====== Provided entries ======

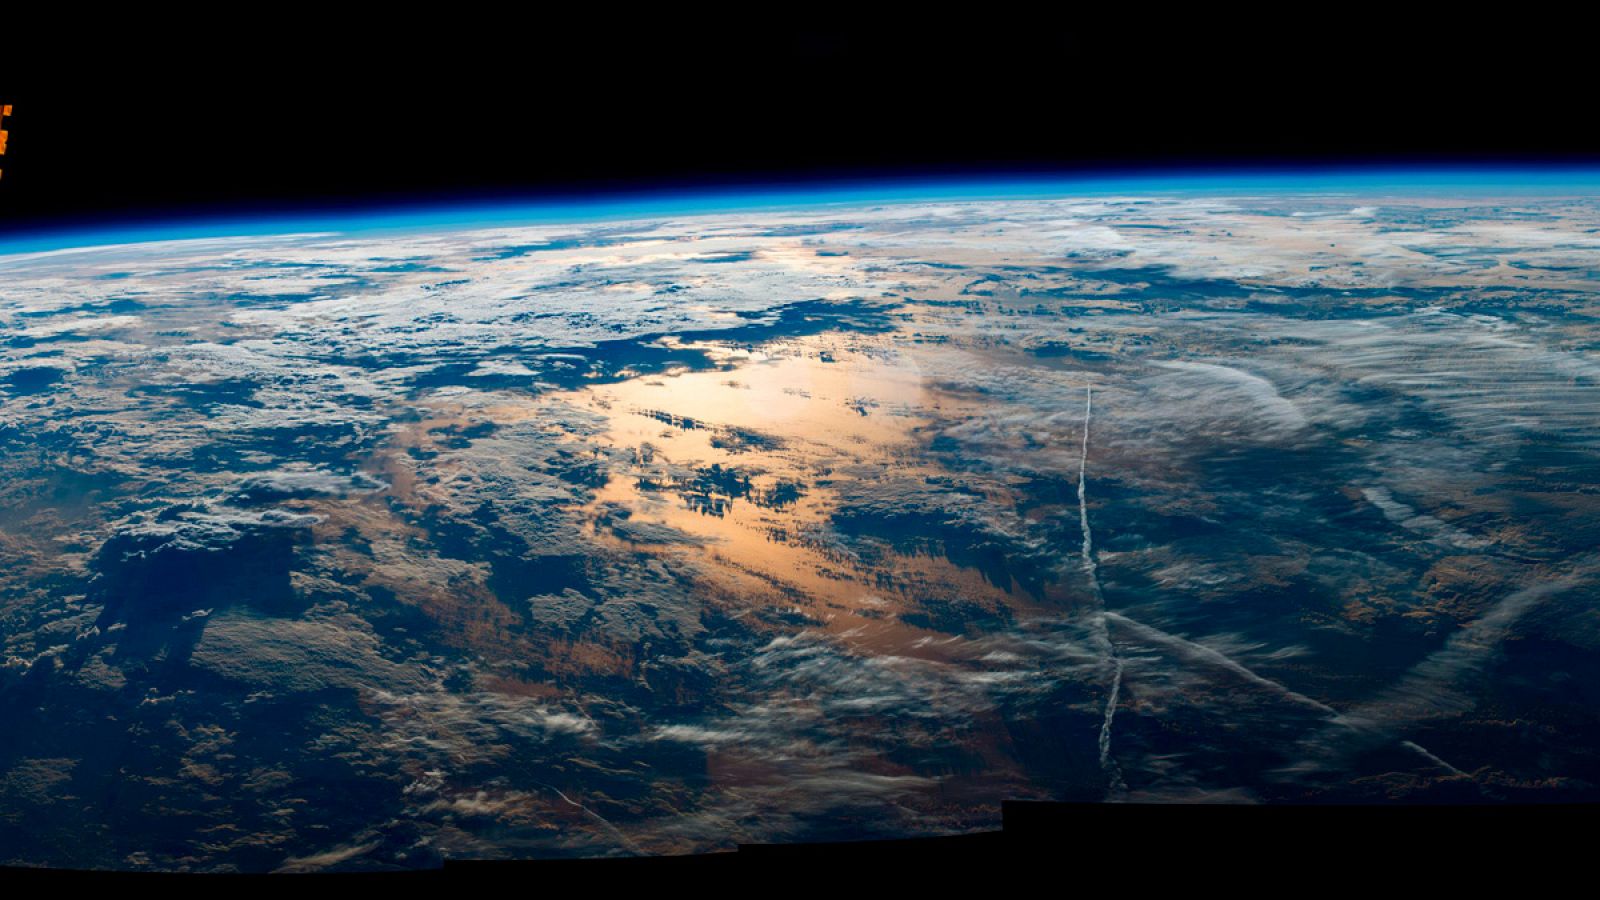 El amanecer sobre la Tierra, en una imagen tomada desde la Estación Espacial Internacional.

======
====== Provided entries ======

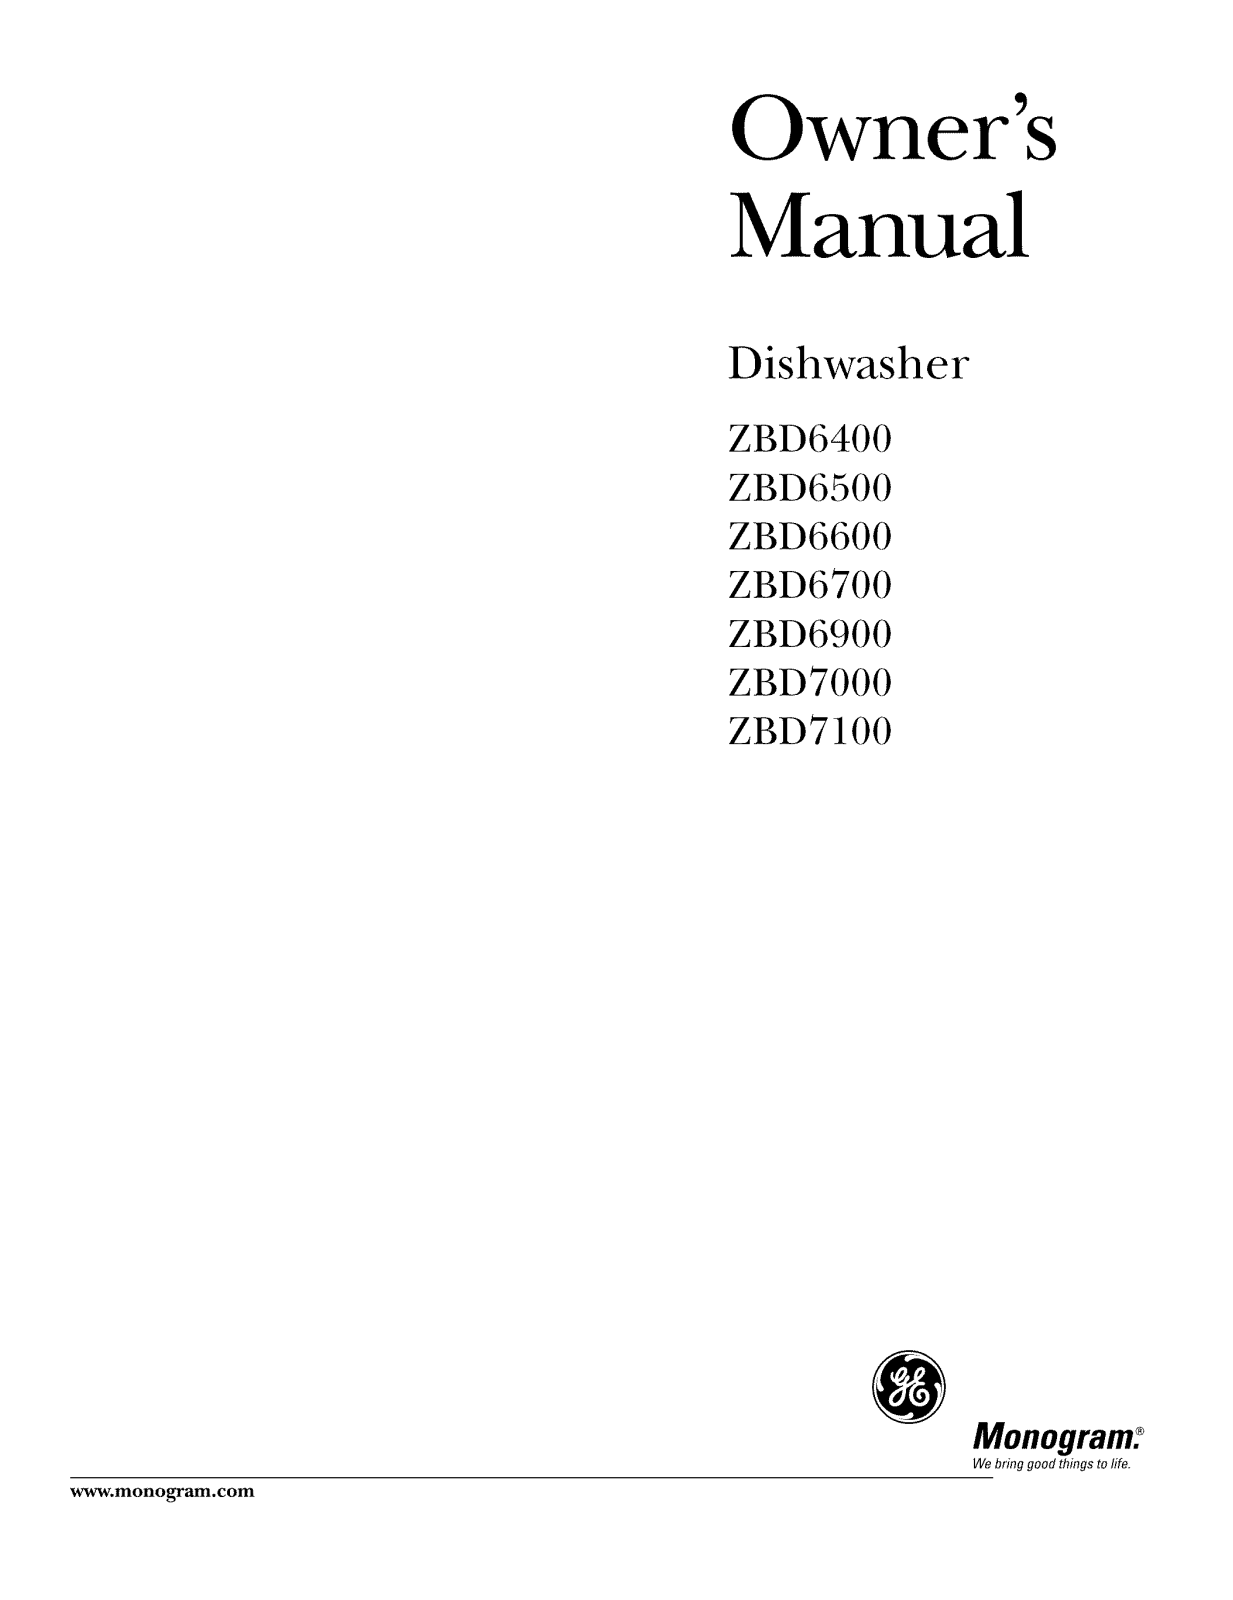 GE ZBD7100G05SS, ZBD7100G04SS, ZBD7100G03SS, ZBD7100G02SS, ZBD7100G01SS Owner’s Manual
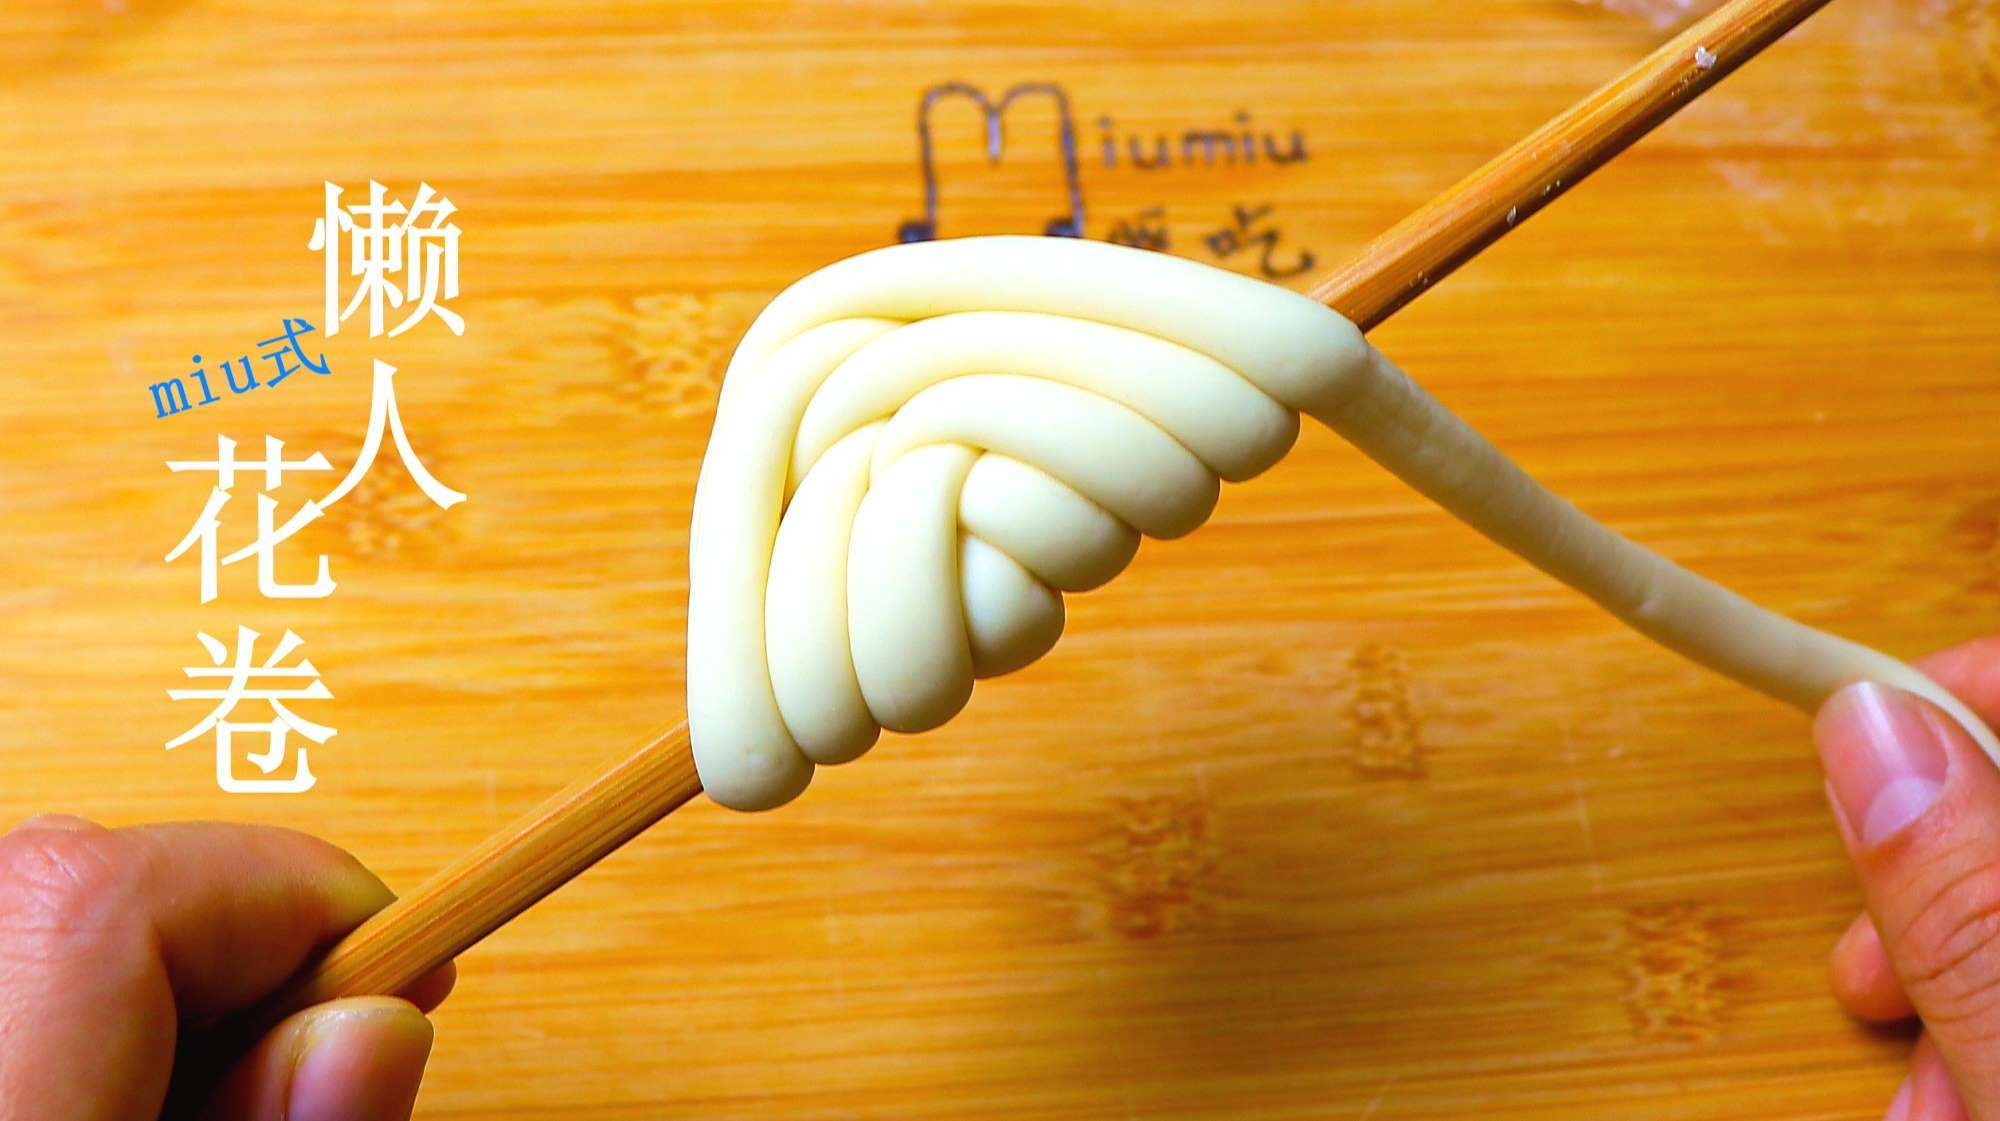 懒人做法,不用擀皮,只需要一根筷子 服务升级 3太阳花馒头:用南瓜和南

======
====== Provided entries ======

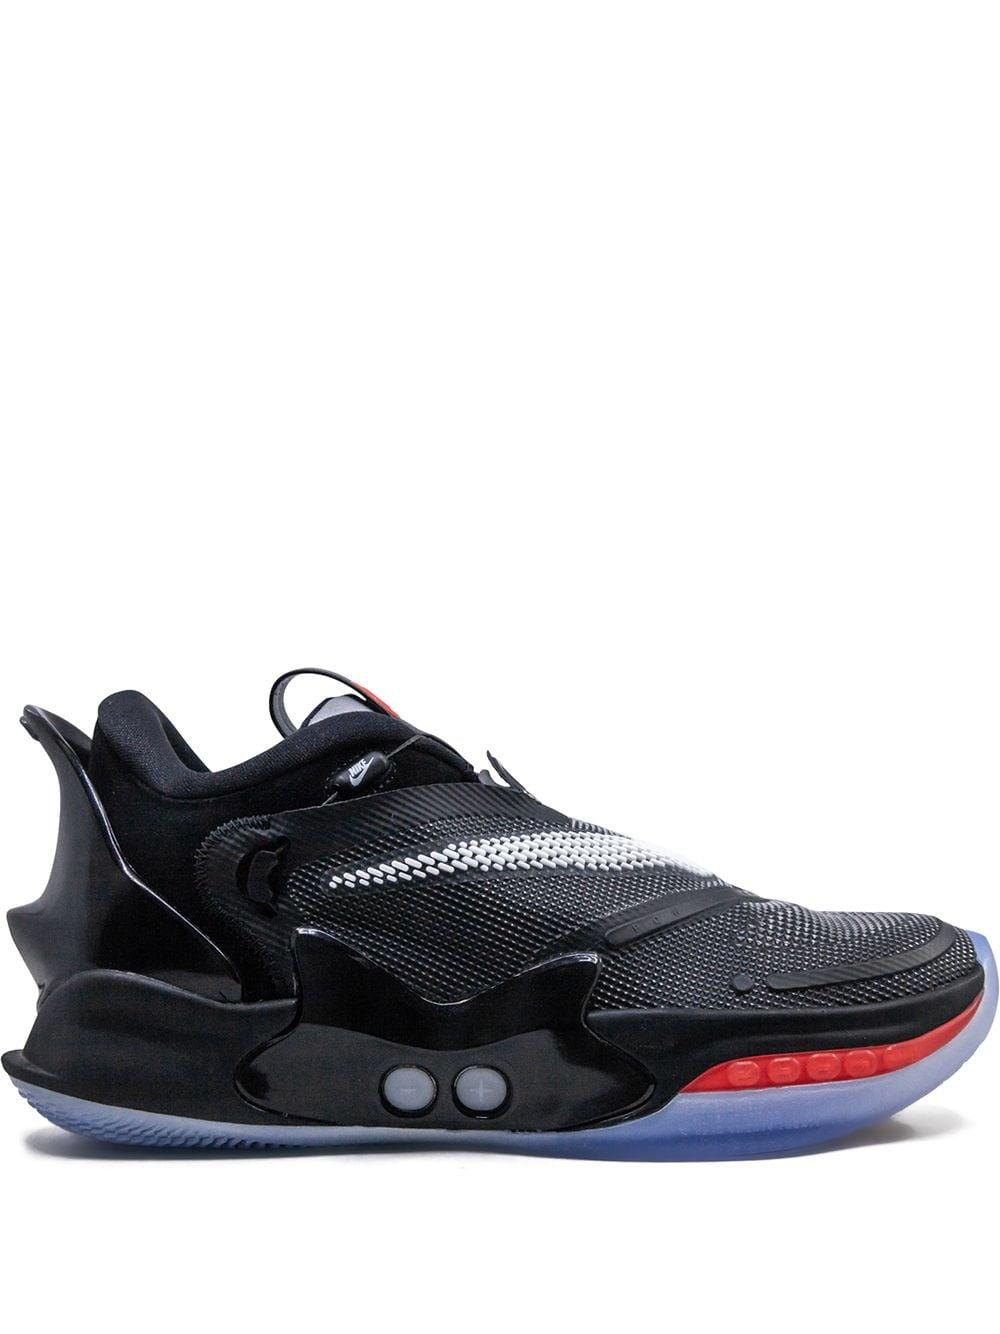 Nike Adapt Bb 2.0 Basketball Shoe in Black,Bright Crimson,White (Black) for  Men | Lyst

======

### Aim of the task
Excluding any pictures, print exactly the lines of the listing above from the line with "ZBD7100G01SS Owner’s Manual" to the line with "懒人做法,不用擀皮,只需要一根筷子 服务升级 3太阳花馒头:用南瓜和南", both ends included.

### Answer box
 GE ZBD7100G05SS, ZBD7100G04SS, ZBD7100G03SS, ZBD7100G02SS, ZBD7100G01SS Owner’s Manual
 懒人做法,不用擀皮,只需要一根筷子 服务升级 3太阳花馒头:用南瓜和南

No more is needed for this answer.